DESCRIPTION OF THE TASK:
Only one stretch of the data below is wanted: the lines from the one with "stock black golf" through the one with "Retired engineer I'm", repeated exactly.

RECORDS:
◆ ◆ ◆

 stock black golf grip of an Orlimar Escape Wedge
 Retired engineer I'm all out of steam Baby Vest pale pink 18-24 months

◆ ◆ ◆

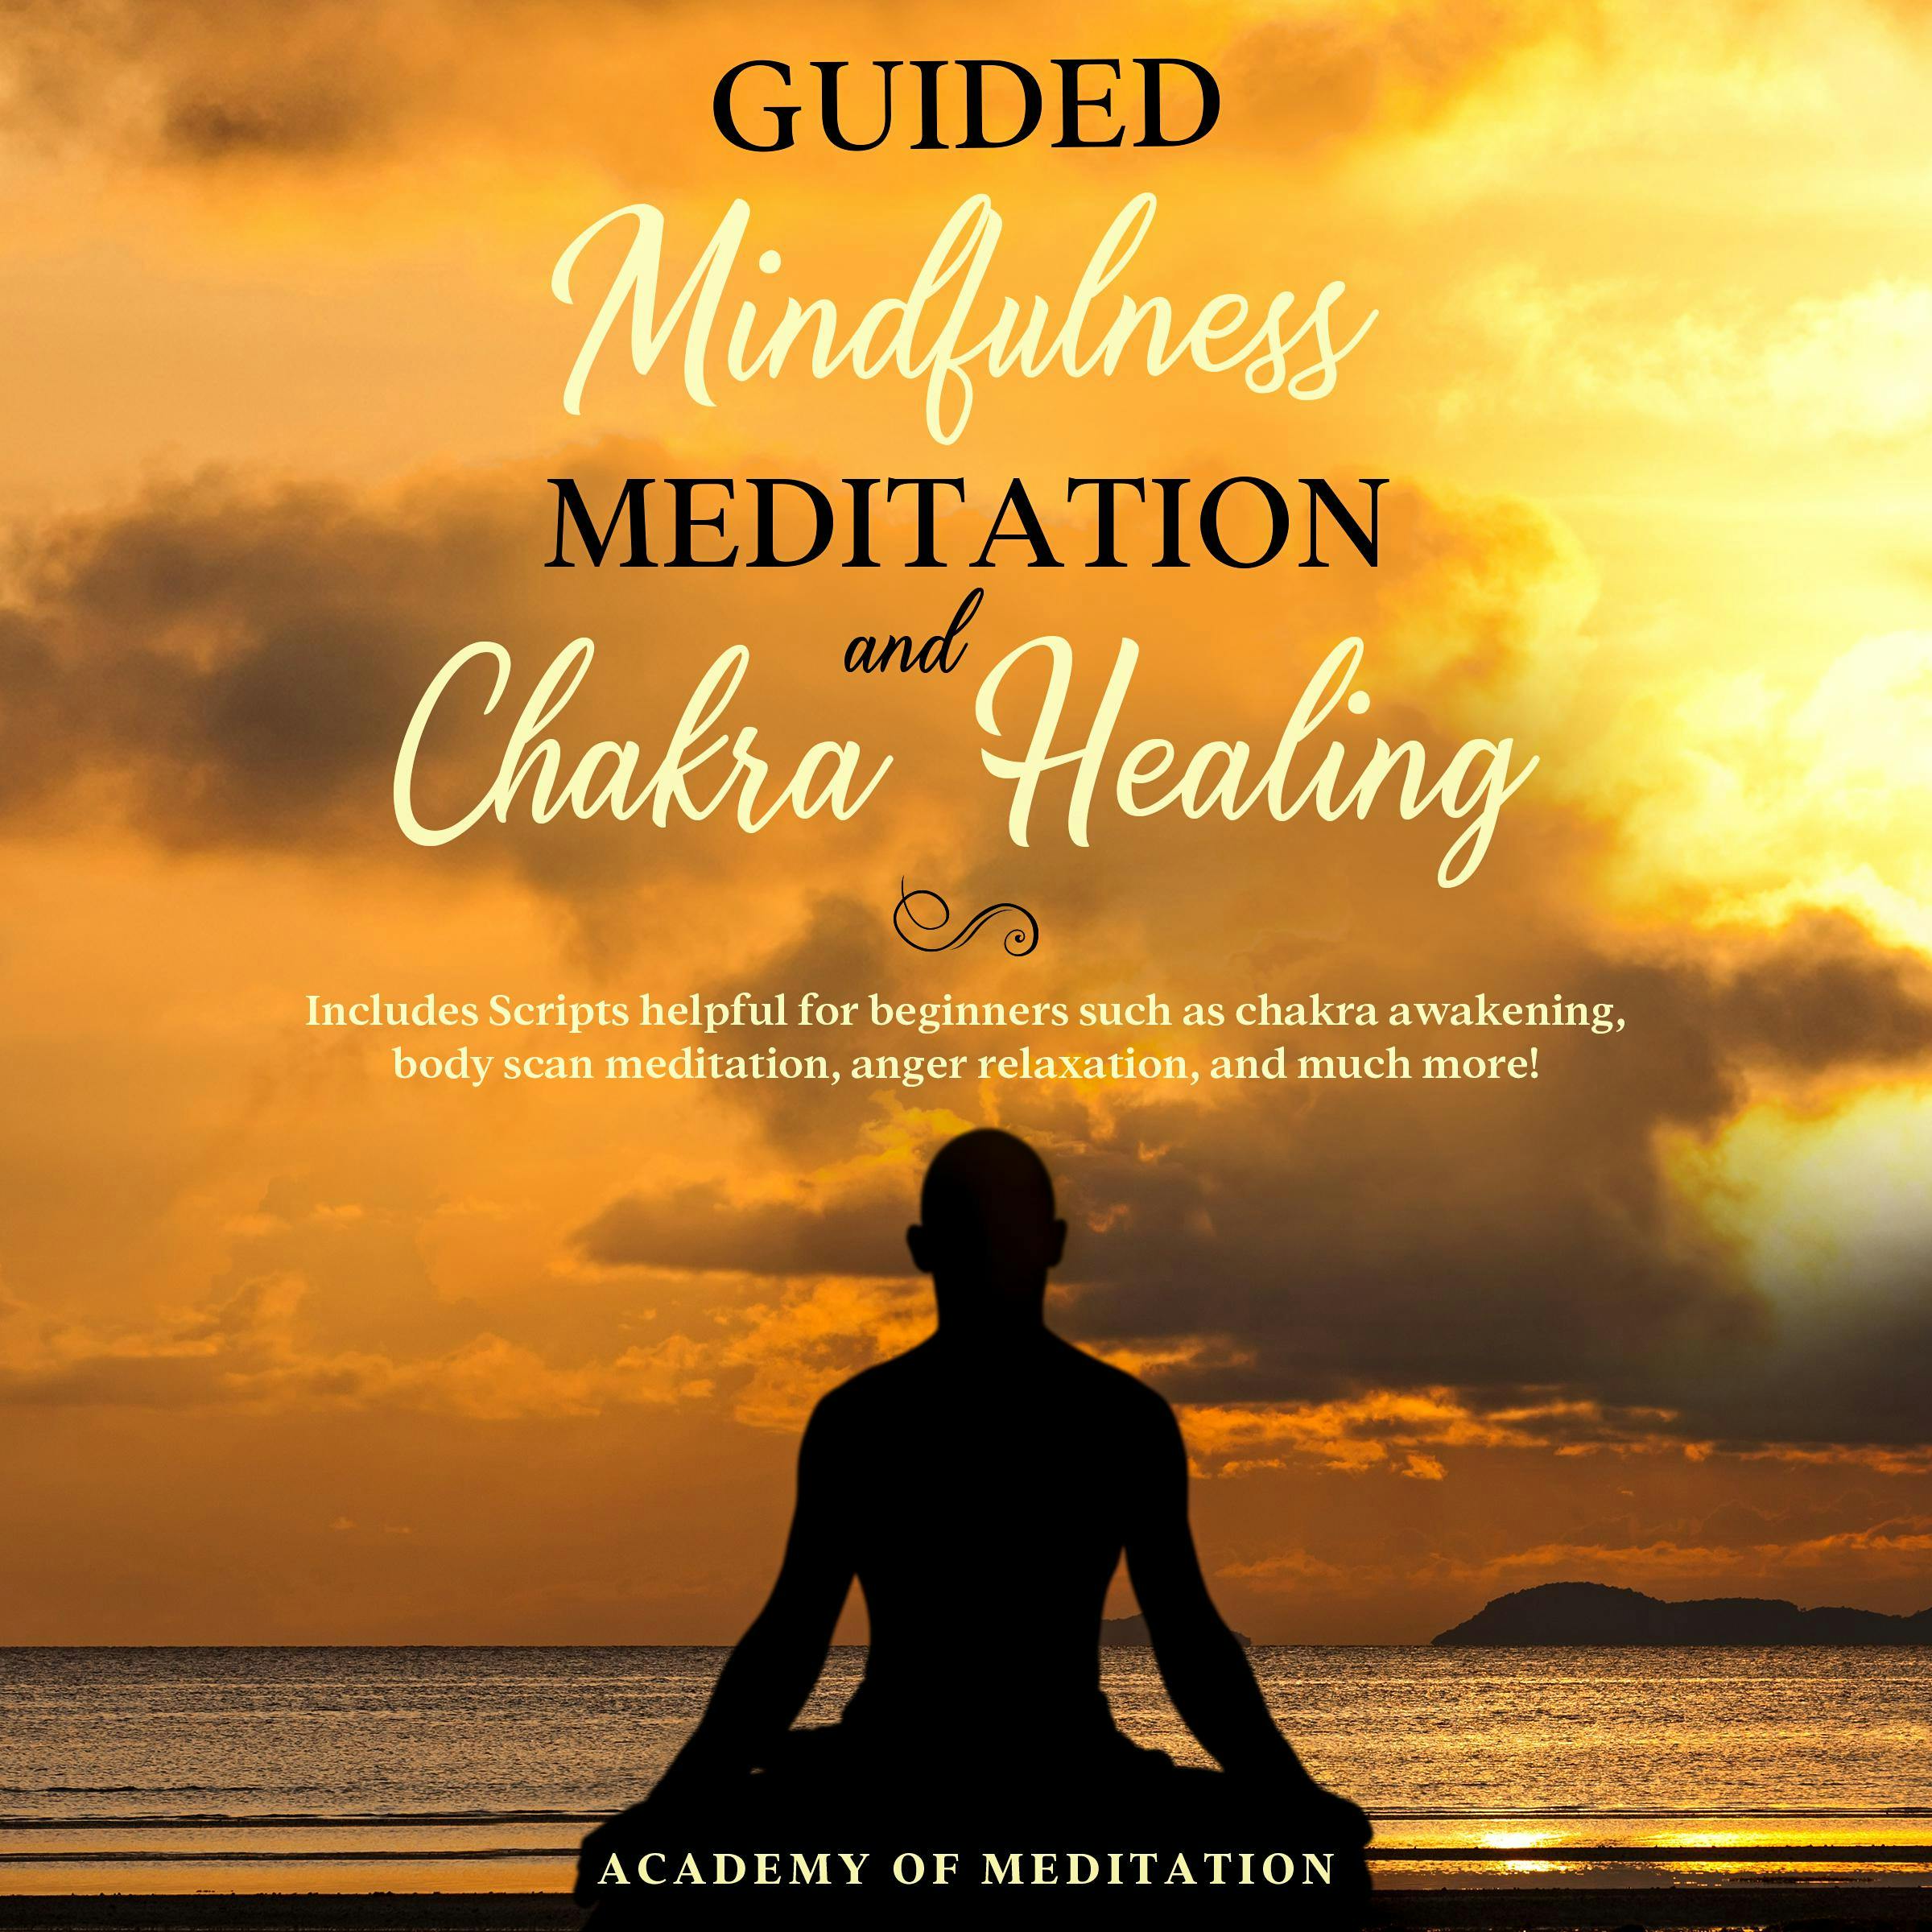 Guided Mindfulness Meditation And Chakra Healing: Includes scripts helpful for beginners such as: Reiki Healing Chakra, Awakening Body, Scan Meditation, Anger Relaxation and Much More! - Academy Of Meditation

◆ ◆ ◆

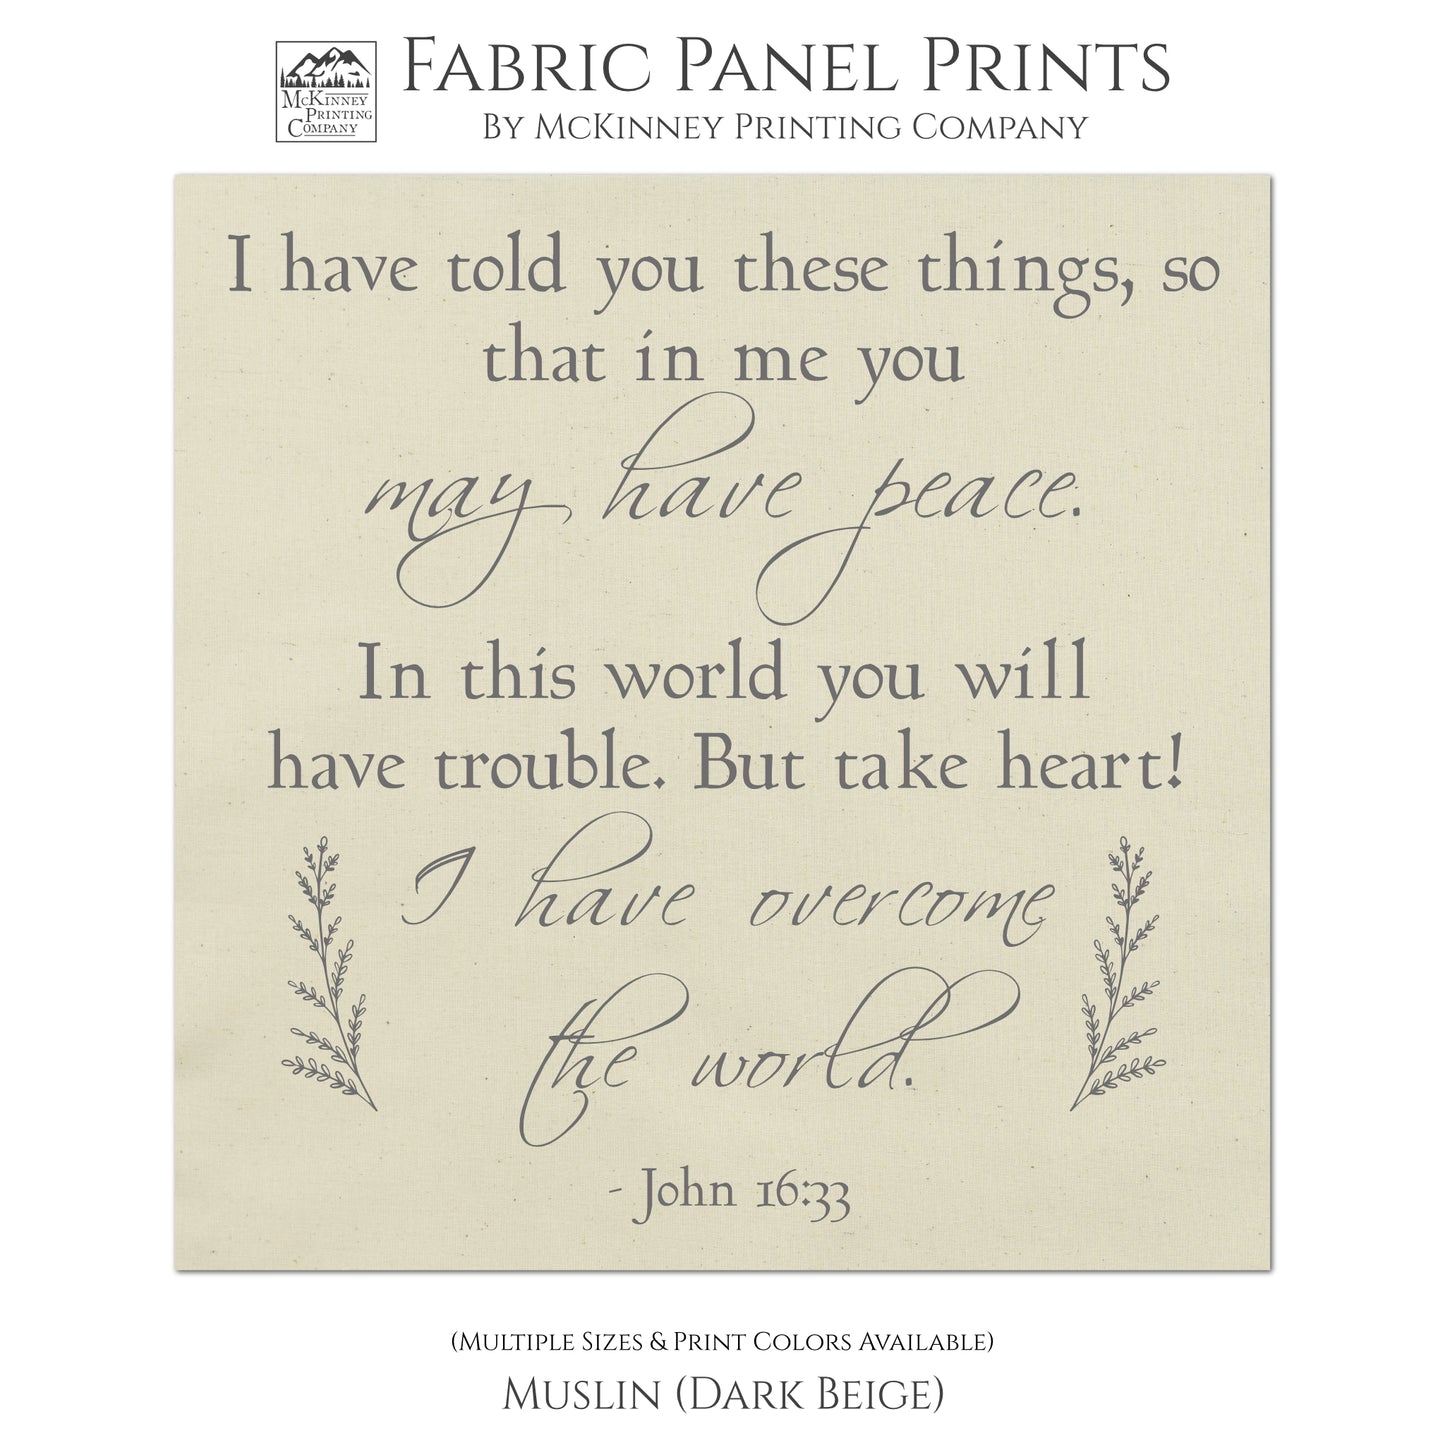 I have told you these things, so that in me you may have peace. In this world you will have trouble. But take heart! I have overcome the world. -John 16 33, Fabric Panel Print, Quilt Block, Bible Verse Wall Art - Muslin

◆ ◆ ◆

TASK RESULT:
 stock black golf grip of an Orlimar Escape Wedge
 Retired engineer I'm all out of steam Baby Vest pale pink 18-24 months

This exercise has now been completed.